1089. Insert or Merge (25)

题目如下：

According to Wikipedia:

Insertion sort iterates, consuming one input element each repetition, and growing a sorted output list. Each iteration, insertion sort removes one element from the input data, finds the location it belongs within the sorted list, and inserts
it there. It repeats until no input elements remain.

Merge sort works as follows: Divide the unsorted list into N sublists, each containing 1 element (a list of 1 element is considered sorted). Then repeatedly merge two adjacent sublists to produce new sorted sublists until there is only 1 sublist
remaining.

Now given the initial sequence of integers, together with a sequence which is a result of several iterations of some sorting method, can you tell which sorting method we are using?

Input Specification:

Each input file contains one test case. For each case, the first line gives a positive integer N (<=100). Then in the next line, N integers are given as the initial sequence. The last line contains the partially sorted sequence of the N numbers. It is assumed
that the target sequence is always ascending. All the numbers in a line are separated by a space.

Output Specification:

For each test case, print in the first line either "Insertion Sort" or "Merge Sort" to indicate the method used to obtain the partial result. Then run this method for one more iteration and output in the second line the resulting sequence. It is guaranteed
that the answer is unique for each test case. All the numbers in a line must be separated by a space, and there must be no extra space at the end of the line.

Sample Input 1:

10
3 1 2 8 7 5 9 4 6 0
1 2 3 7 8 5 9 4 6 0

Sample Output 1:

Insertion Sort
1 2 3 5 7 8 9 4 6 0

Sample Input 2:

10
3 1 2 8 7 5 9 4 0 6
1 3 2 8 5 7 4 9 0 6

Sample Output 2:

Merge Sort
1 2 3 8 4 5 7 9 0 6

题目要求对给定序列的排序过程中序列进行处理，判断出是归并排序还是插入排序，并且要输出再进行一次此种排序后的结果。

【方法一】

要判断插入排序和归并排序，只需要看有序位置的不同，归并排序是分组有序，而插入排序是从前到后部分有序，通过这一特性，可以去找序列中的最小有序对，例如题目给出的第二组数据1 3 2 8 5 7 4 9 0 6，我们在1 3这个子序列得到有序子序列长度为2，向后处理可以发现每2个组成的子序列都是有序的，并且两两之间无序，因此是归并排序的特征。看第一组数据 1 2 3 7 8 5 9 4 6 0，如果从1 2 3 判断长为3的有序对，发现不满足。再尝试2为长度的，依然不满足，因此不是归并排序，而从前到后部分有序，因此是插入排序。

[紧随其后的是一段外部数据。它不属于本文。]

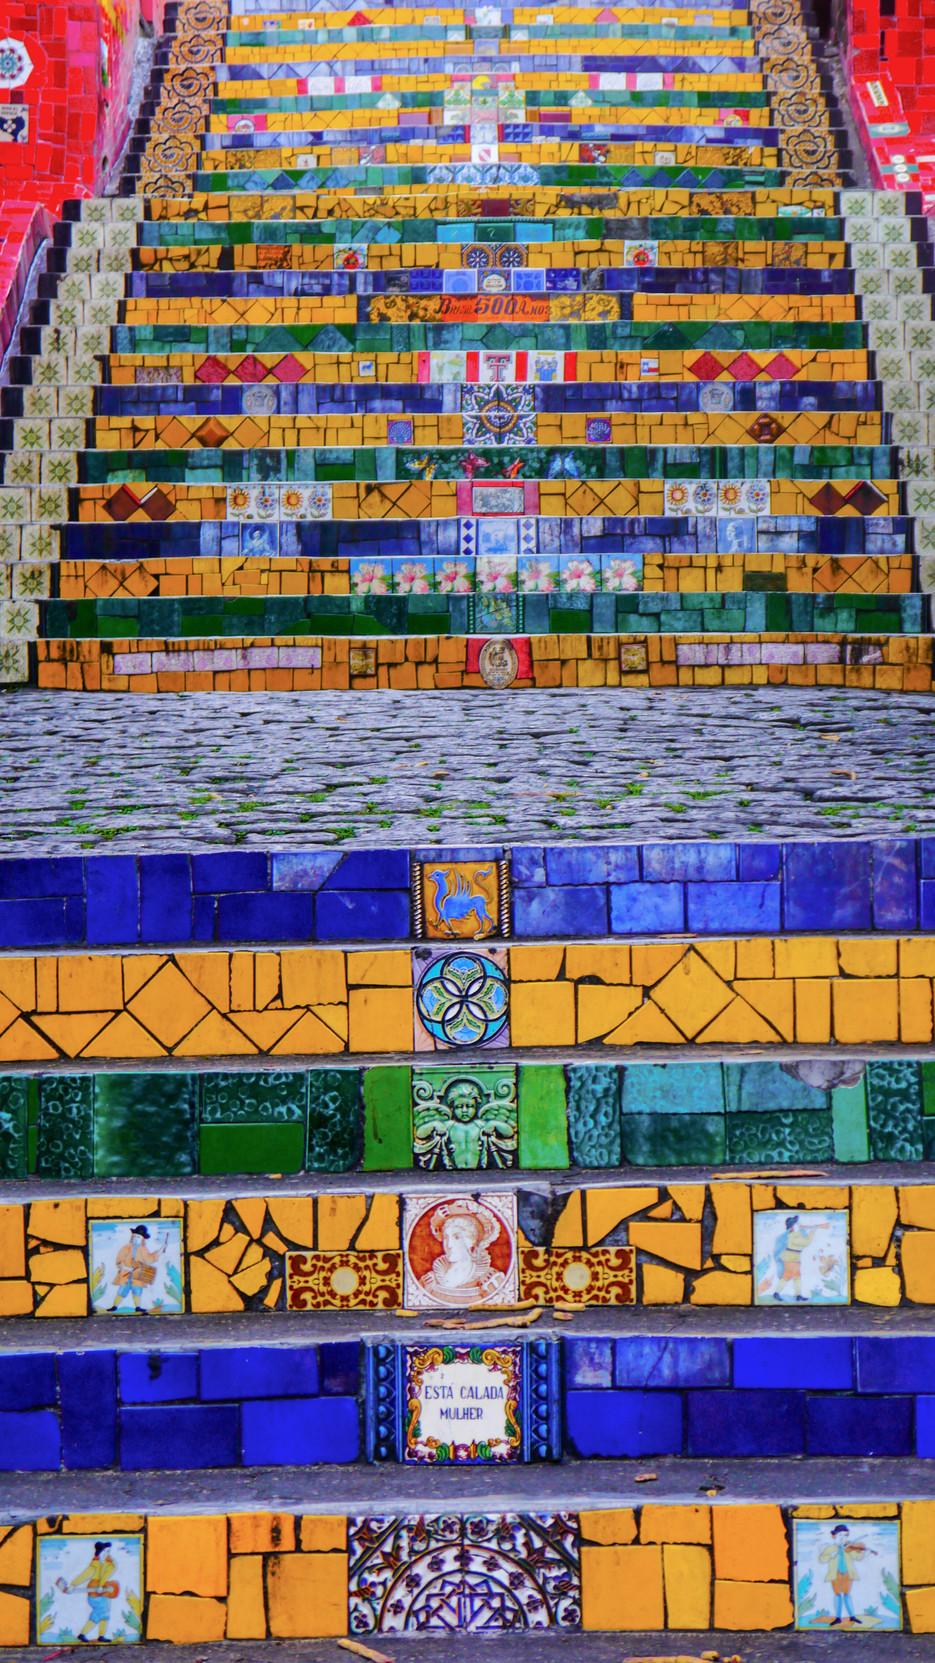 Escadaria Selarón, Rio de Janeiro / Brazil · 2014

这时一种区分两种排序的方法，通过此种方法区分后再调用相应的排序函数，利用vector的==（系统自带）来判断序列的吻合性，然后再进行一步即可。

【方法二】

将插入排序拆分成按步进行，归并排序也采用非递归形式，非递归归并通过step=1开始，从长度为1的小区间开始归并，每次step+1。为了合并小区间，可以利用系统的inplace_merge函数，只要指定子序列的迭代器的头、中、尾，即可归并两序列。

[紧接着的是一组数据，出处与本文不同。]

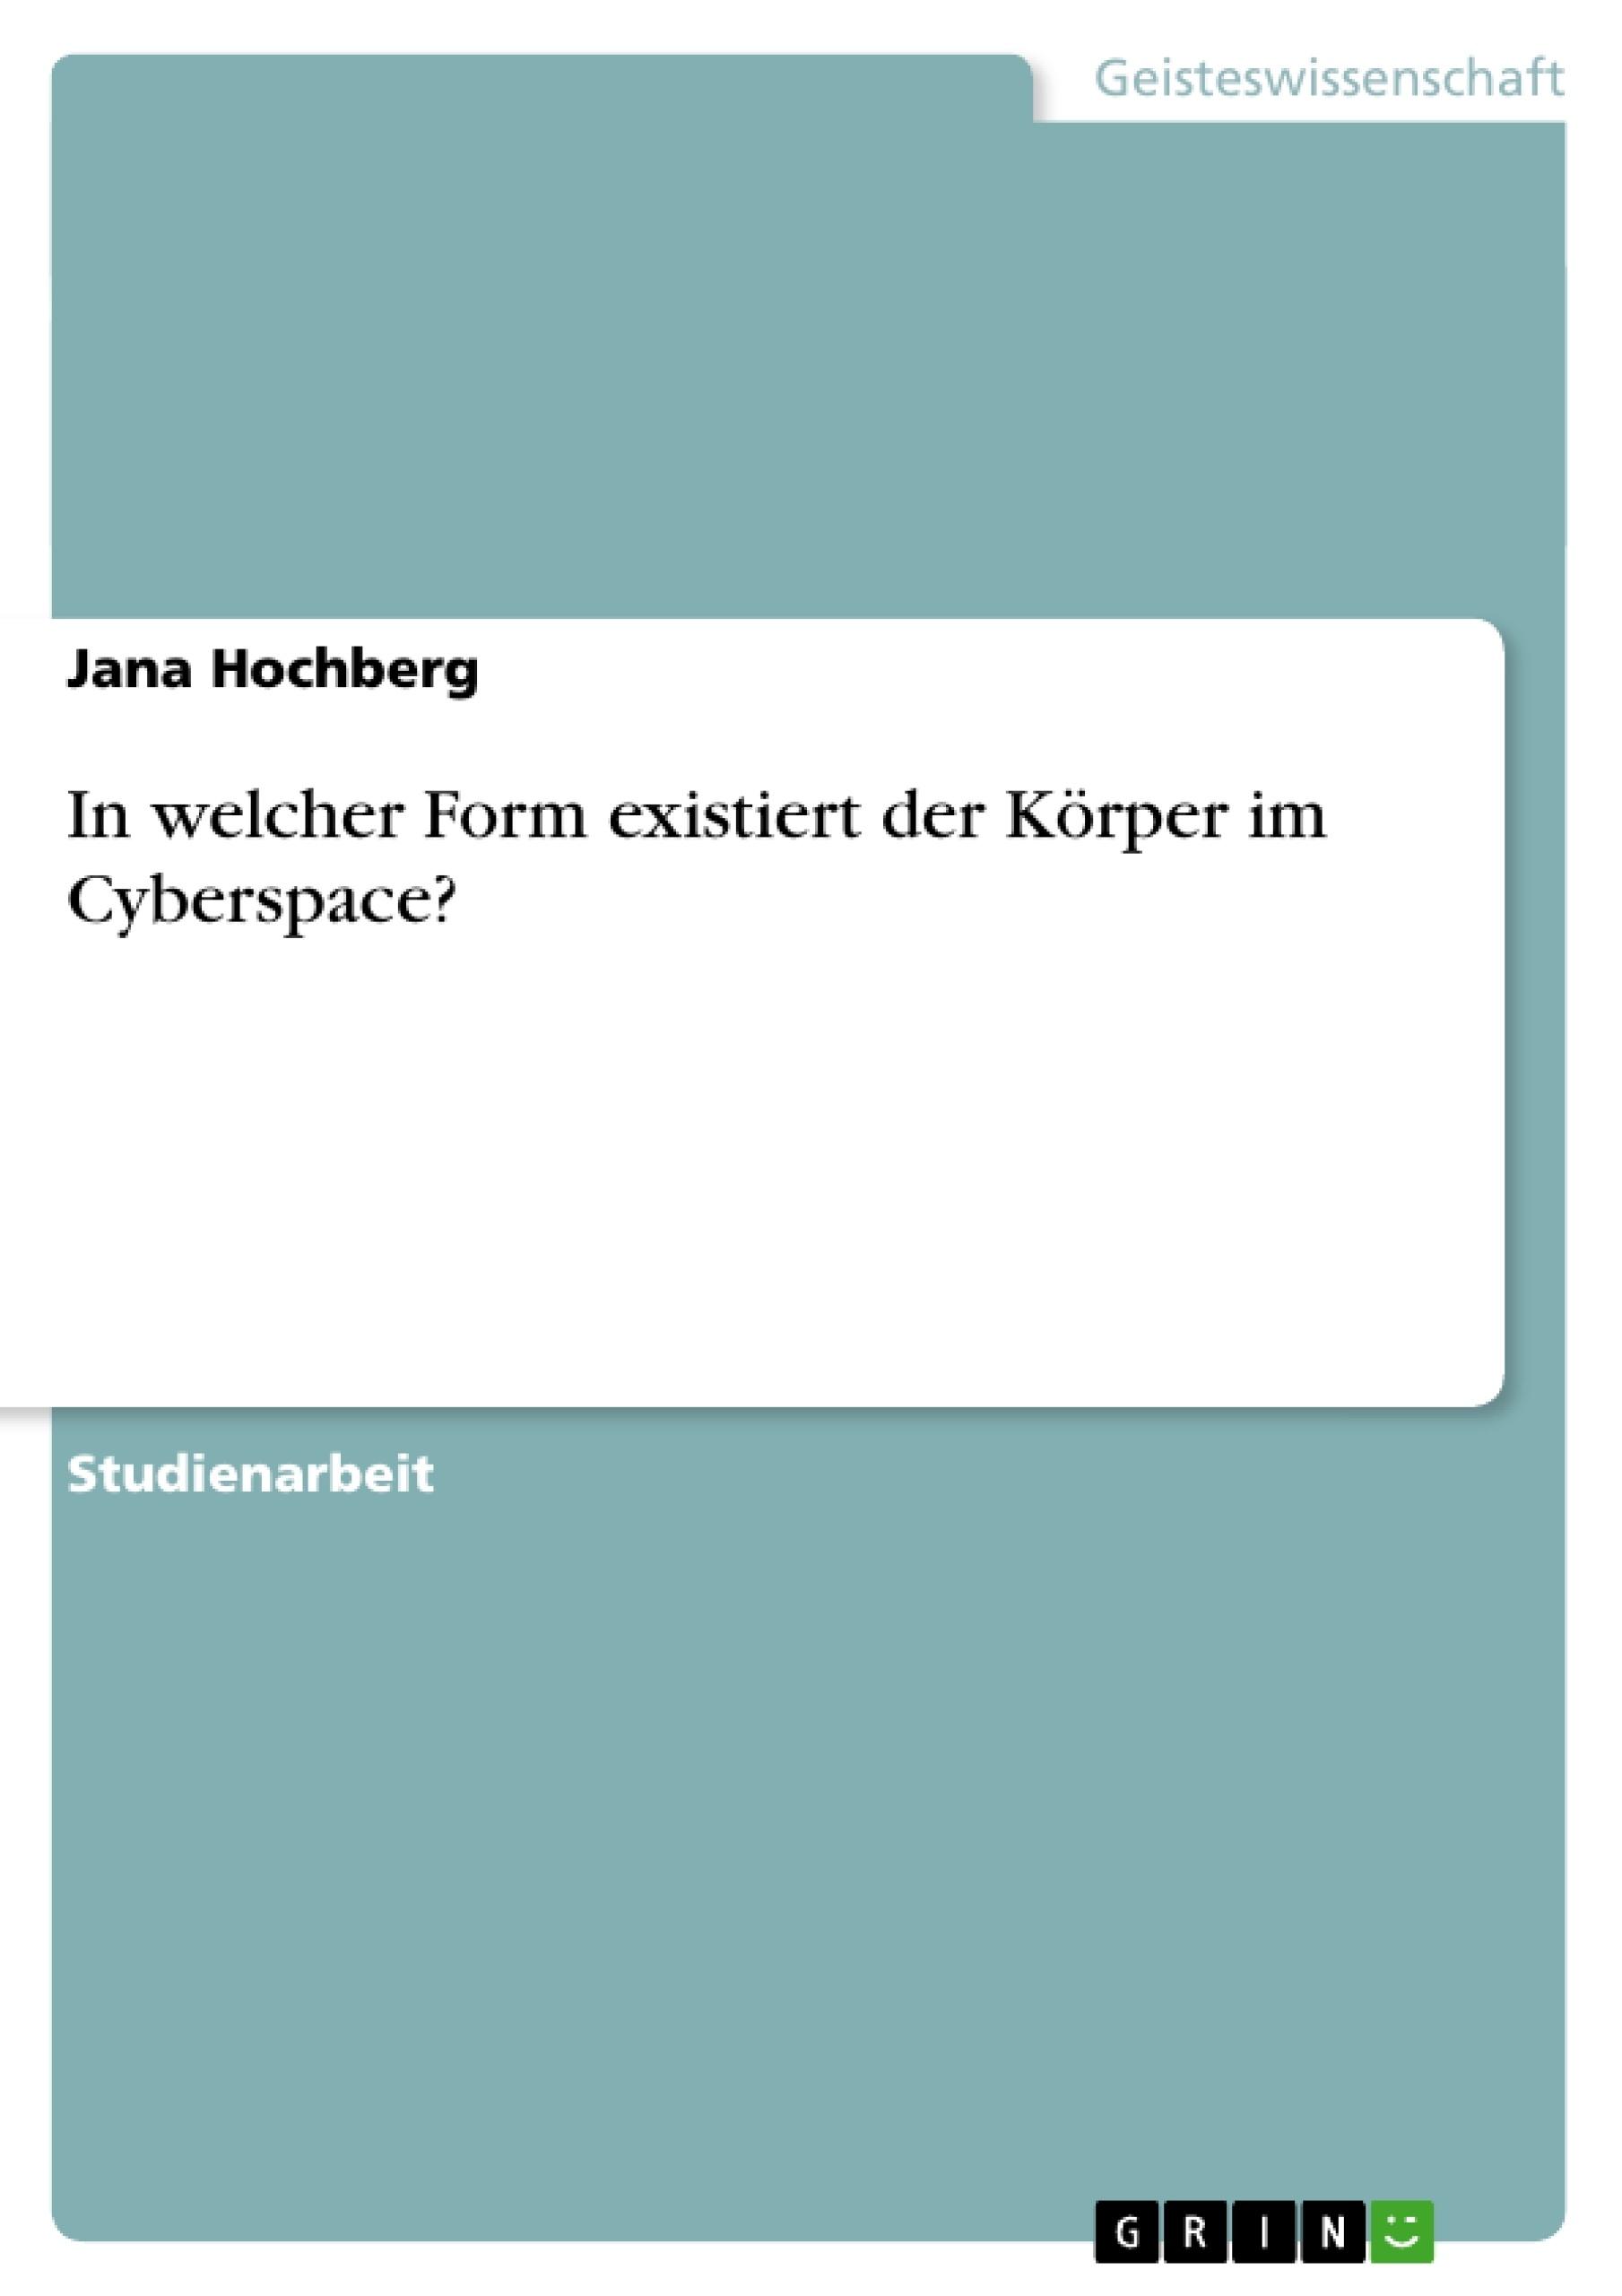 Titel: In welcher Form existiert der Körper im Cyberspace?

此方法不必像方法一那样判断，而是先执行插入排序，找序列吻合，找到则再排输出，否则再尝试归并，这个方法比较简单，我比较完整的参考了zzyazzy的代码，如下：

#include <iostream>
#include <vector>
#include <algorithm>
using namespace std;

bool perInsertSort(vector<int> &src,vector<int> &dest,int start)
{
     int pos = start;
	 int poit = src[start];
	 for(int j= start -1;j>=0;--j){//找出插入位置
		 if(src[j] > poit) {
               pos = j;
		 }else{
			   break;
		 }
	 }
	 for(int j=start -1;j>=pos;--j){
		 src[j+1]=src[j];
	 }
	 src[pos]=poit;
	 if(src==dest) return true;
	 return false;
}

void mergeSort(vector<int> &src,int step)
{
	int len = src.size();
	if(step >= len) return ;//子区间的长度已经大于src的长度
	int i = 0;
	while(i<len){
		vector<int>::iterator iter = src.begin();
		int start = i;
		int middle = i+step;
		int end = middle+step;
		middle =(middle >= len ? len:middle);
		end = (end >= len ? len:end);
		inplace_merge(iter+start,iter+middle,iter+end);
	    i=end;
	}
}

void print(const vector<int> &src)
{
	bool first = true;
	for(int i=0;i<src.size();++i){
		if(first){
			cout<<src[i];
			first = false;
		}else{
			cout<<" "<<src[i];
		}
	}
}

int main()
{
	int n;
	cin>>n;
	int x;
	vector<int> src,dest;
	int repeat = n;
	while(repeat --){
		cin>>x;
		src.push_back(x);
	}
	repeat = n;
	while(repeat --){
		cin>>x;
		dest.push_back(x);
	}
	vector<int> temp(src.begin(),src.end()); // 备份原来的数据，如果不是插入，还需要拿到原数据处理，。
	bool isInsertSort=false;
	for(int i = 1;i < src.size(); ++i){
		isInsertSort = perInsertSort(src,dest,i);
		if(isInsertSort){
			cout<<"Insertion Sort"<<endl;
			if(i + 1 <= src.size()){ // 需要继续排序
				perInsertSort(src,dest,i+1);
				print(src);
				cout<<endl;
				break;
			}else{ // 已经是最后一次排序，则直接输出结果。
                print(src);
                cout << endl;
			}
		}
	}
	if(!isInsertSort){
		int step = 1;
		while(step < temp.size()){
			if(temp==dest){
				cout<<"Merge Sort"<<endl;
				mergeSort(temp,step);
				print(temp);
				cout<<endl;
			    break;
			}
			mergeSort(temp,step);
			step *= 2;
		}
	}
	return 0;
}